= 1991 Toronto bomb plot =

Islamist terror plot in Toronto

The 1991 Toronto bomb plot refers to an Islamist terror plot that sought to attack two Toronto buildings - the India Centre cinema and the Vishnu Hindu temple, it was the first 'homegrown' Islamic terrorist plot on Toronto.

Eventually, Canadian authorities arrested five men of Trinidadian and Dominican ethnicity, and accused them of ties to Jamaat ul-Fuqra alongside the bomb plot. All five were acquitted of the main charge of conspiring to commit murder.

==Arrests==
Four of the men tried to cross the Rainbow Bridge into the United States in October 1991. Customs officials searched their Buick and Chevrolet Suburban and found "detailed plans to bomb a York Region Hindu temple and an Indian theater in Toronto", including aerial photographs and blueprints of the Vishnu Mandir Temple and India Centre cinema, as well as references to a "hit team," a "guard team" and "recon team", and amateur videotapes of the men, and the interiors of the buildings.

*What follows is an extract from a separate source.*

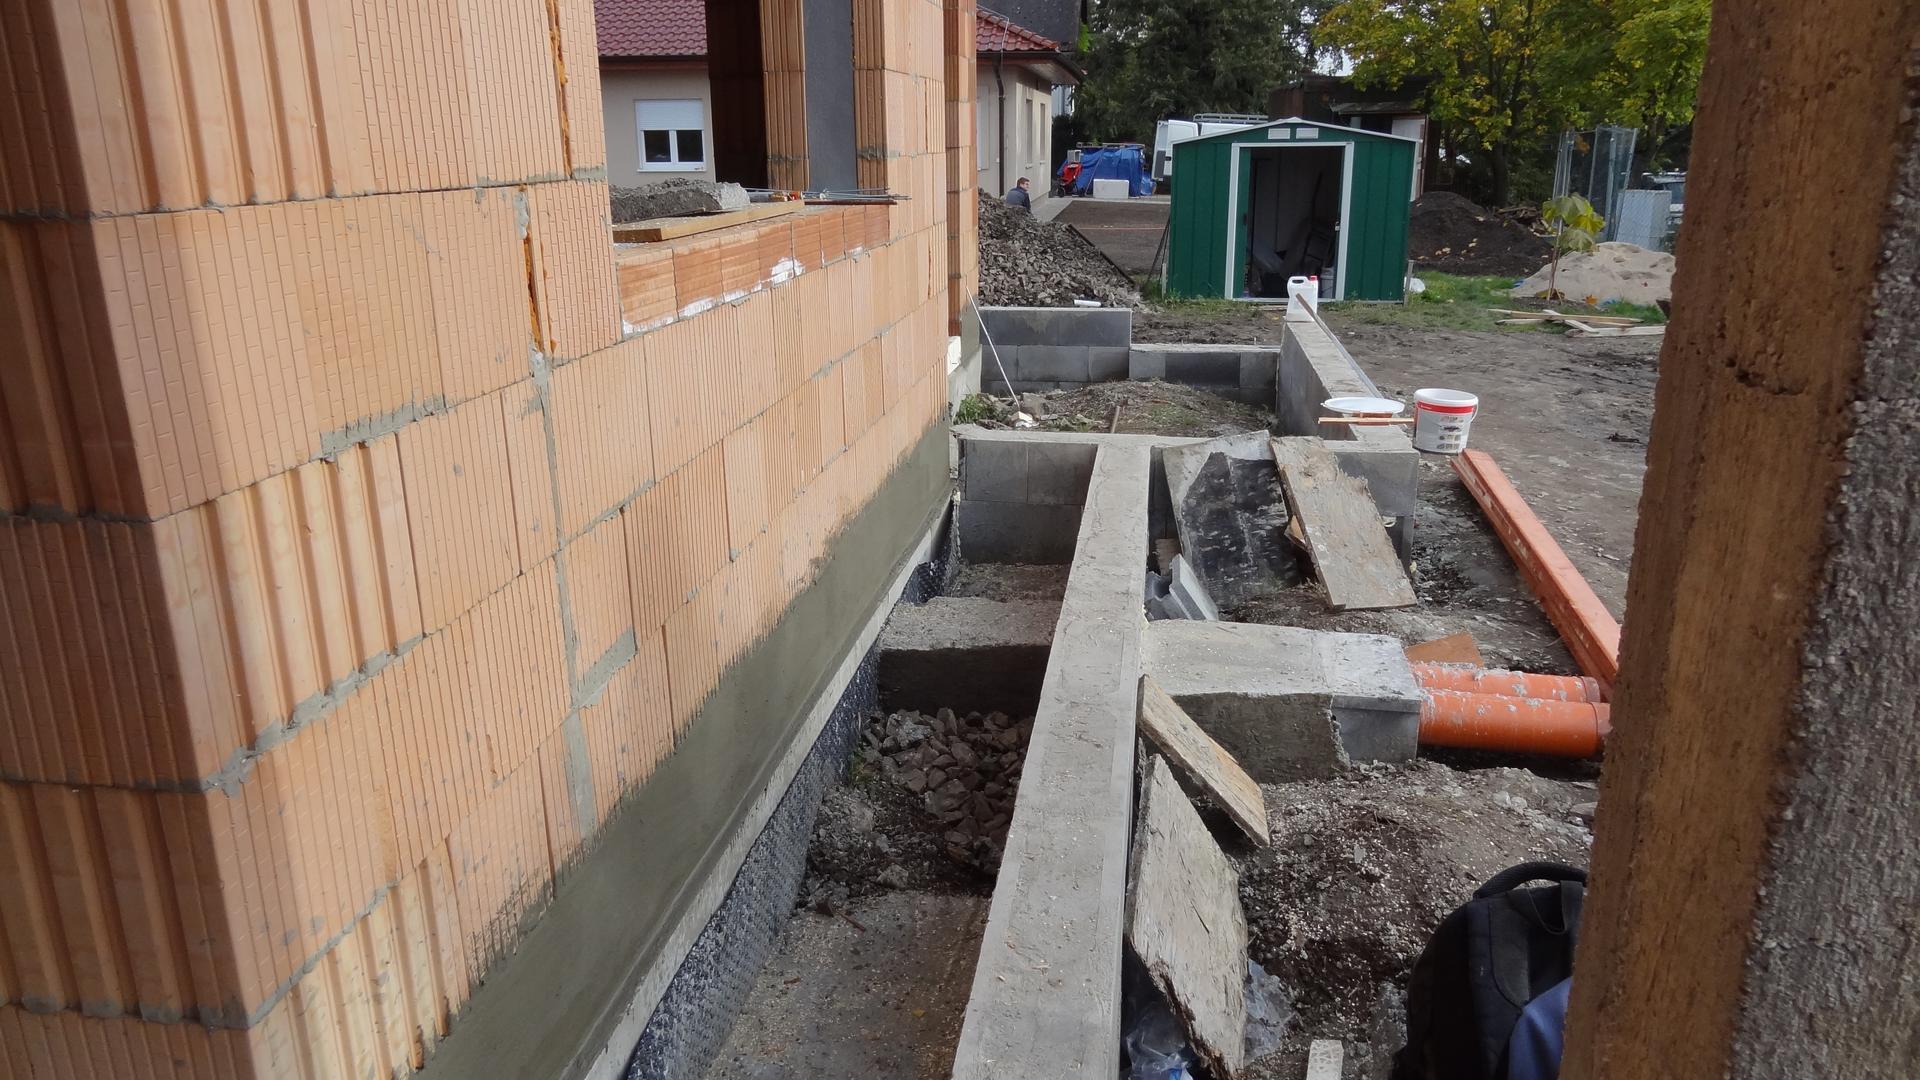 Stavba domečku pokračuje - Slunečná teráska

One document led police to a Brooklyn address and a cache of two rifles, seven handguns and 2,000 rounds of ammunition.
— John Goddard

| Name | Residence | Age |
|---|---|---|
| Glenn Neville Ford | Toronto, Ontario, Canada | 41 |
| Khidr Ali | Toronto, Ontario, Canada | 28 |
| Caba Jose Harris | Texas, USA | 28 |
| Robert Junior Wesley | Texas, USA | 50 |
| Tyrone Junior Cole | Texas, USA | 34 |

Each of the men were charged with conspiracy to commit mischief and conspiracy to commit murder.

==Trial==
Eight men were accused in total. One was dismissed. Fongenie escaped to Pakistan. A Brooklyn man pleaded guilty to weapons offences. Ford, the three Texans and another Toronto man, Khidr Ali, were sent to trial.
The trial was moved to St. Catharines from Toronto, and began in October 1993 The Metro Toronto Police, in a move later attributed to the fact they "still really didn't know what to do with their intelligence unit", assigned their security intelligence officers to take up heavy arms and guard the courthouse.

Assistant Crown Attorney Philip Enright described documents found in the defendants' cars that suggested entering a building through a men's washroom window, and possibly having a female operative planting a bomb in the women's washroom.

It was revealed that the Chevrolet searched at the border belonged to American Mustafa Abdu Rashid, and that the men had phoned him thirty times from the car phone in the vehicle. A search of Rashid's apartment revealed nine semi-automatic firearms.

The three Americans were deported from Canada after their sentences were completed in April 2006, and Harris was added to the TSA's no-fly list, as was Wesley and his aliases Robert Fitz Clarence, Bobby Johnson and Wali Muhammad.